:: SOURCE MATERIAL ::

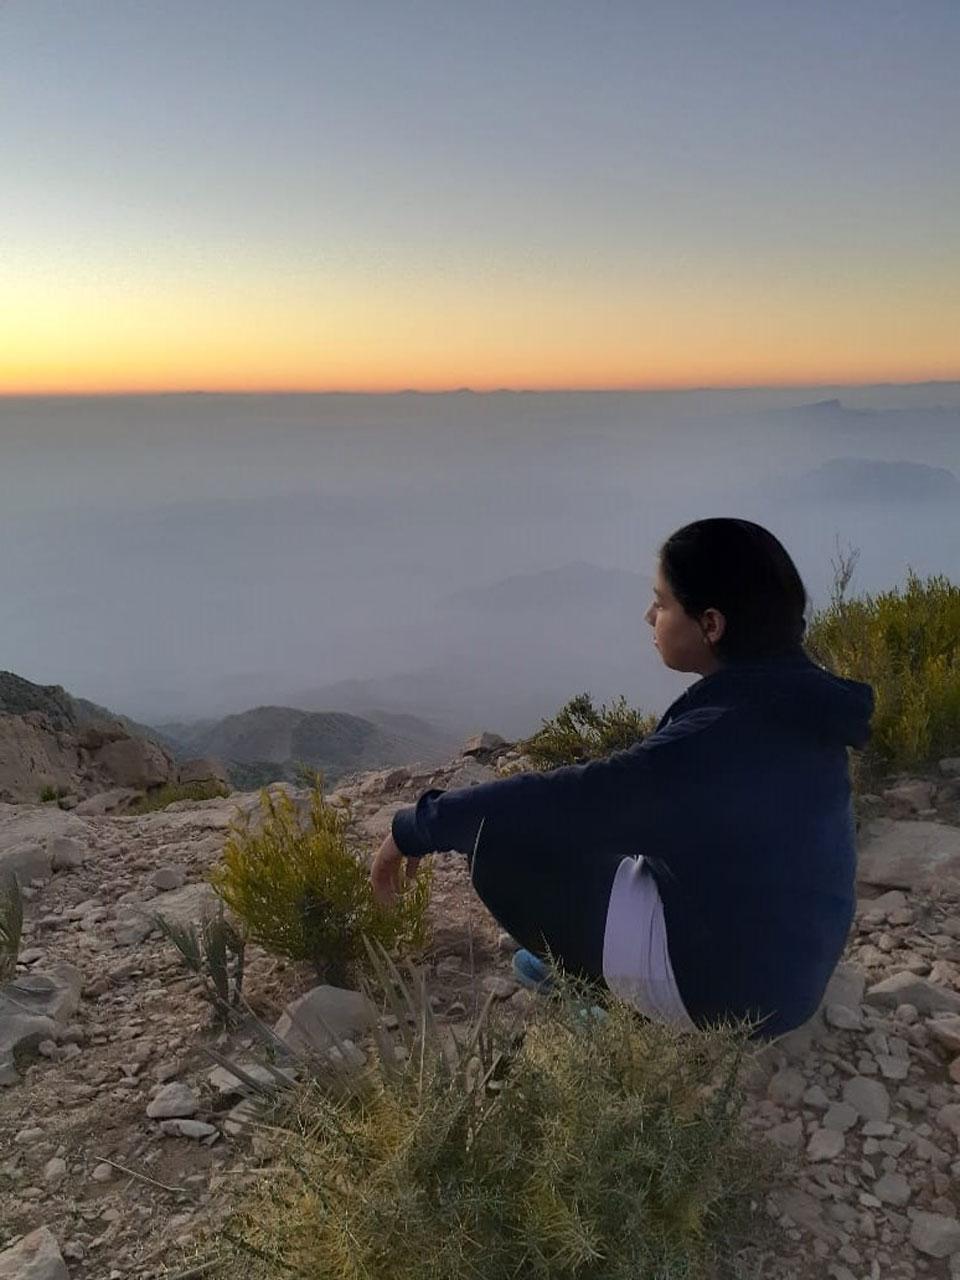 Zoya is admiring the horizon line
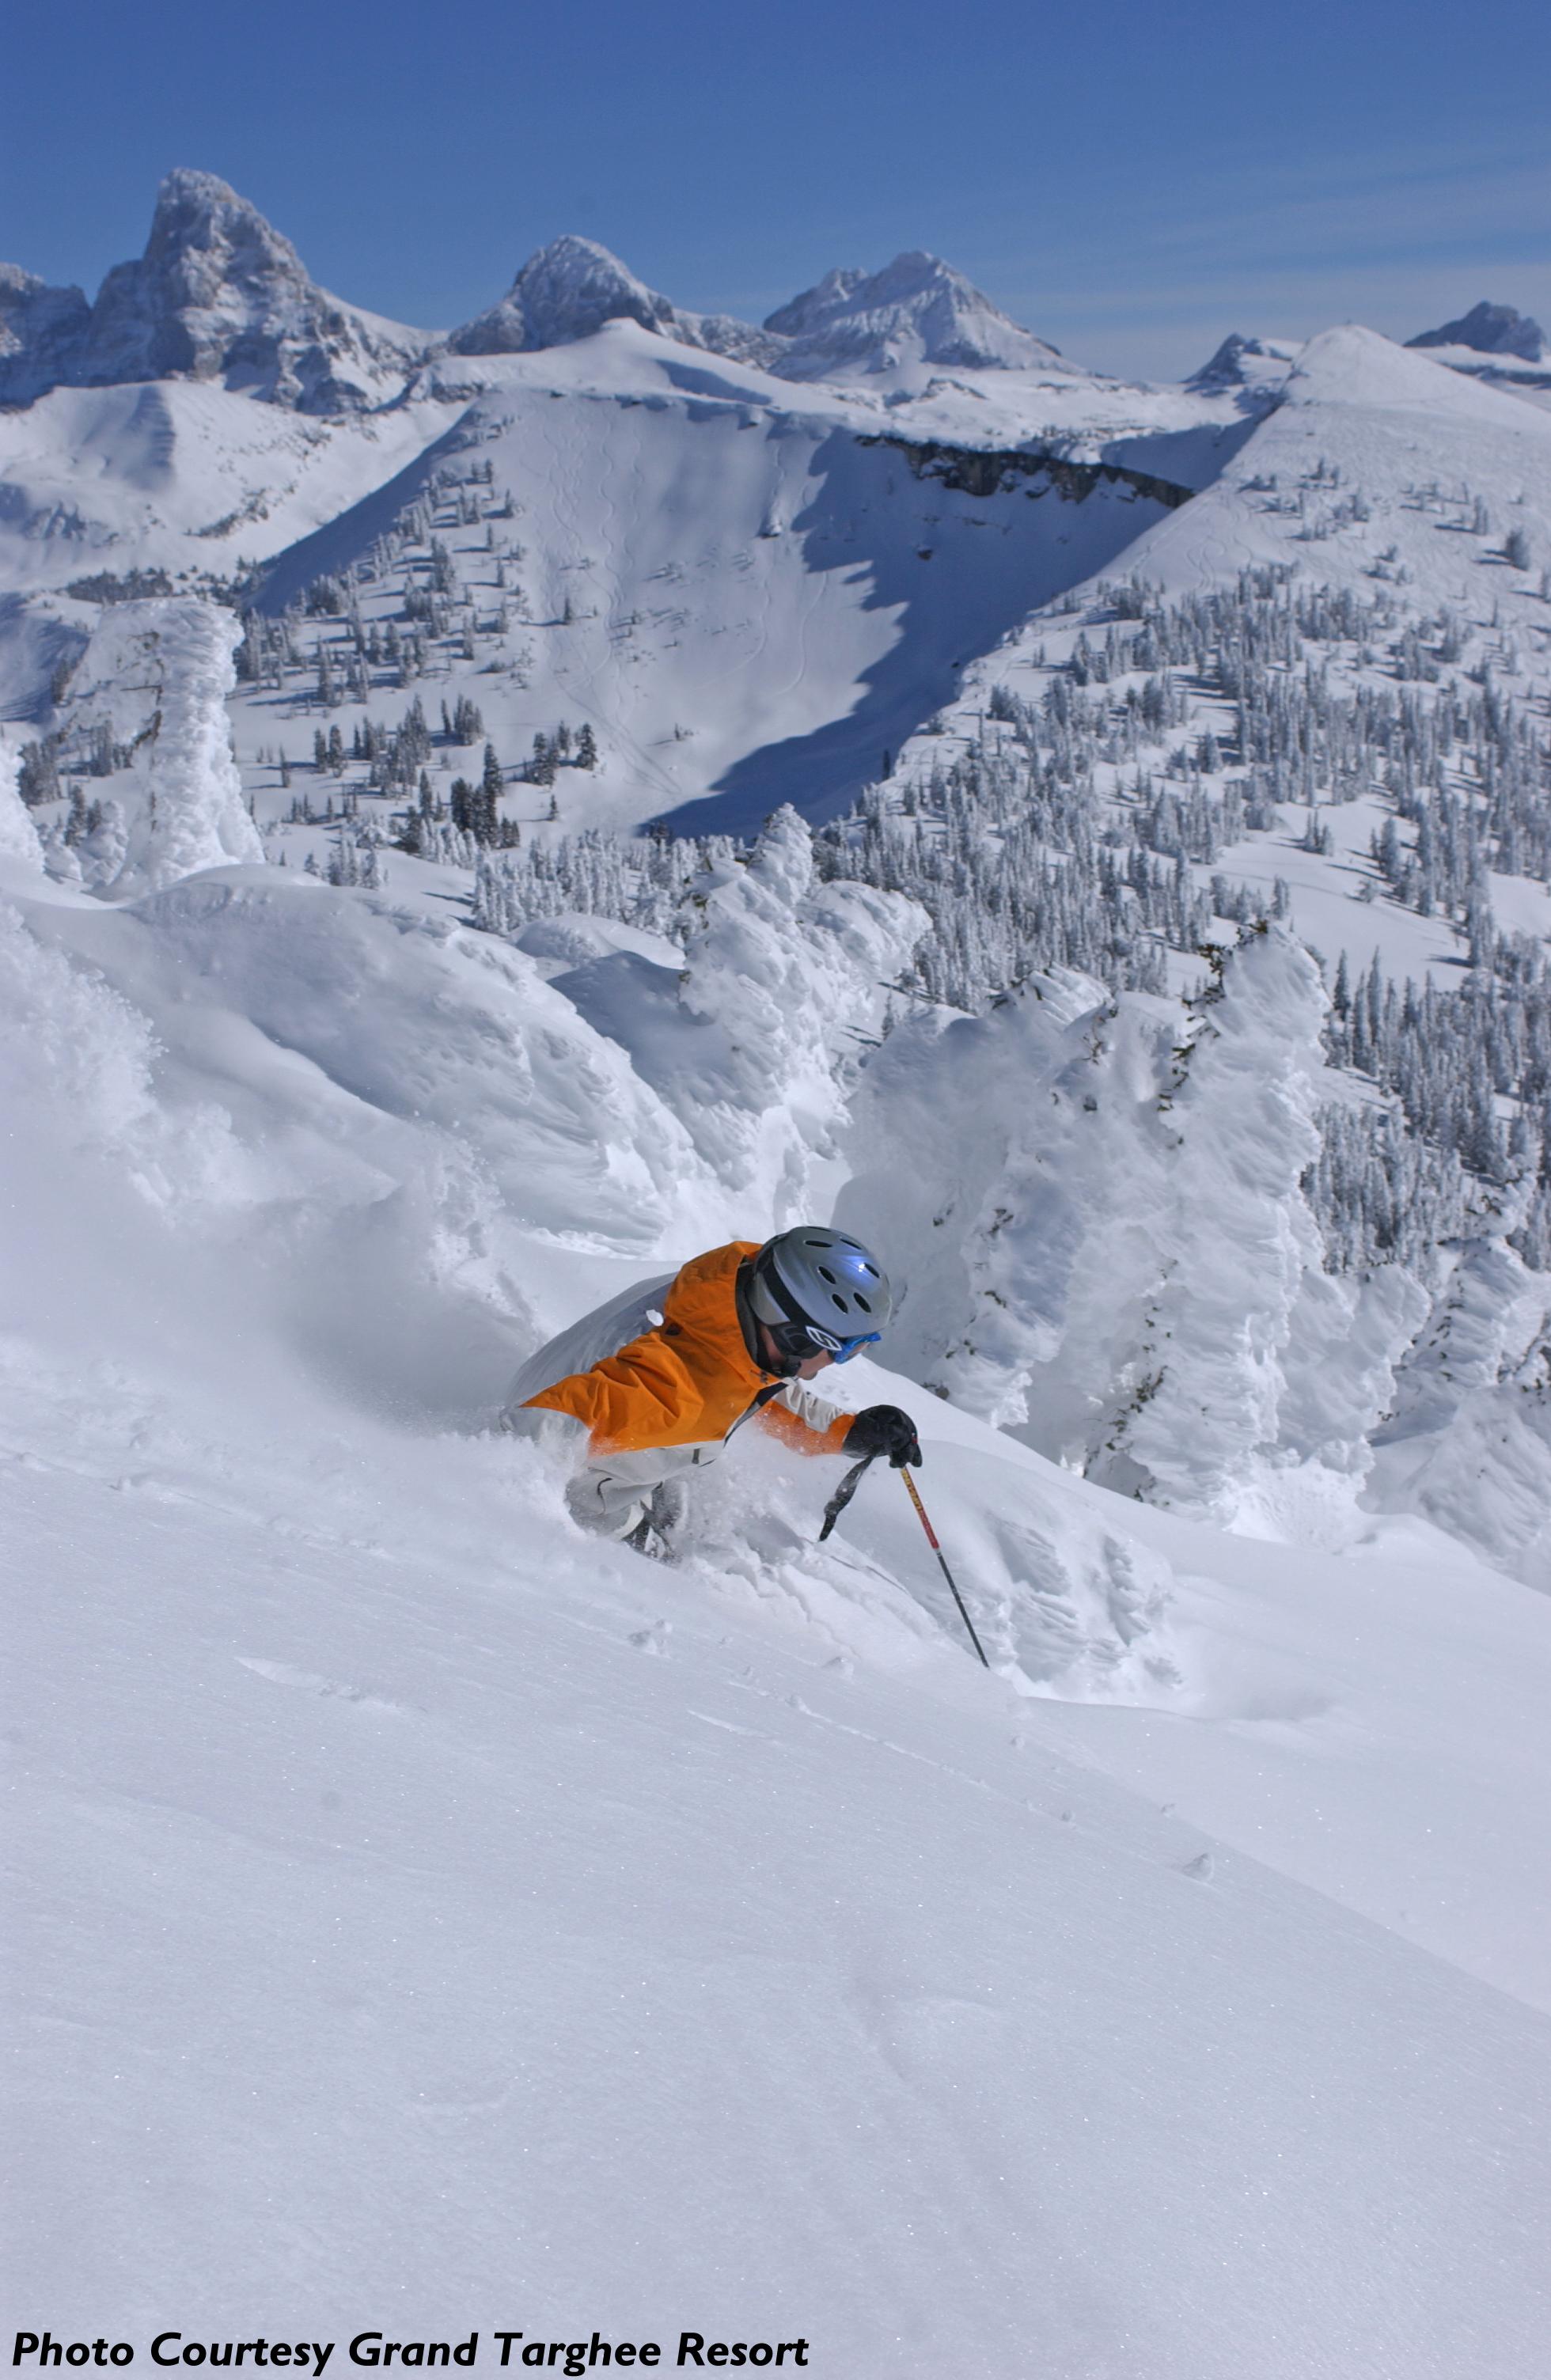 Why My Family Loves Skiing At Grand Targhee Wyoming The Brave - Grand targhee resort
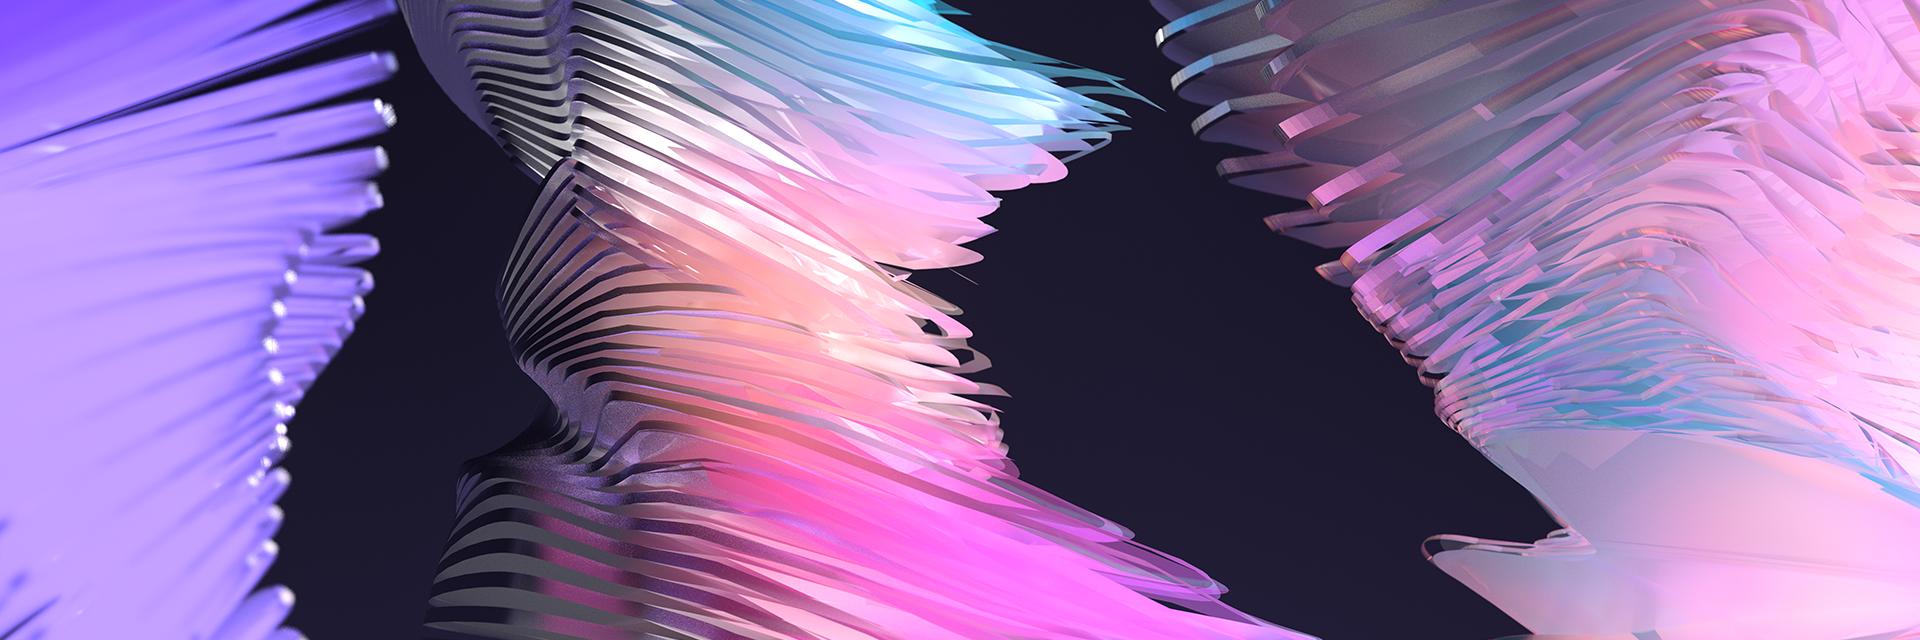 AdobeMax_2019_1920x640_0019_stage_design_2

:::

EXERCISE PROMPT. Print out all the material word for word but exclude any images.

ANSWER BOX.
 Zoya is admiring the horizon line
 Why My Family Loves Skiing At Grand Targhee Wyoming The Brave - Grand targhee resort
 AdobeMax_2019_1920x640_0019_stage_design_2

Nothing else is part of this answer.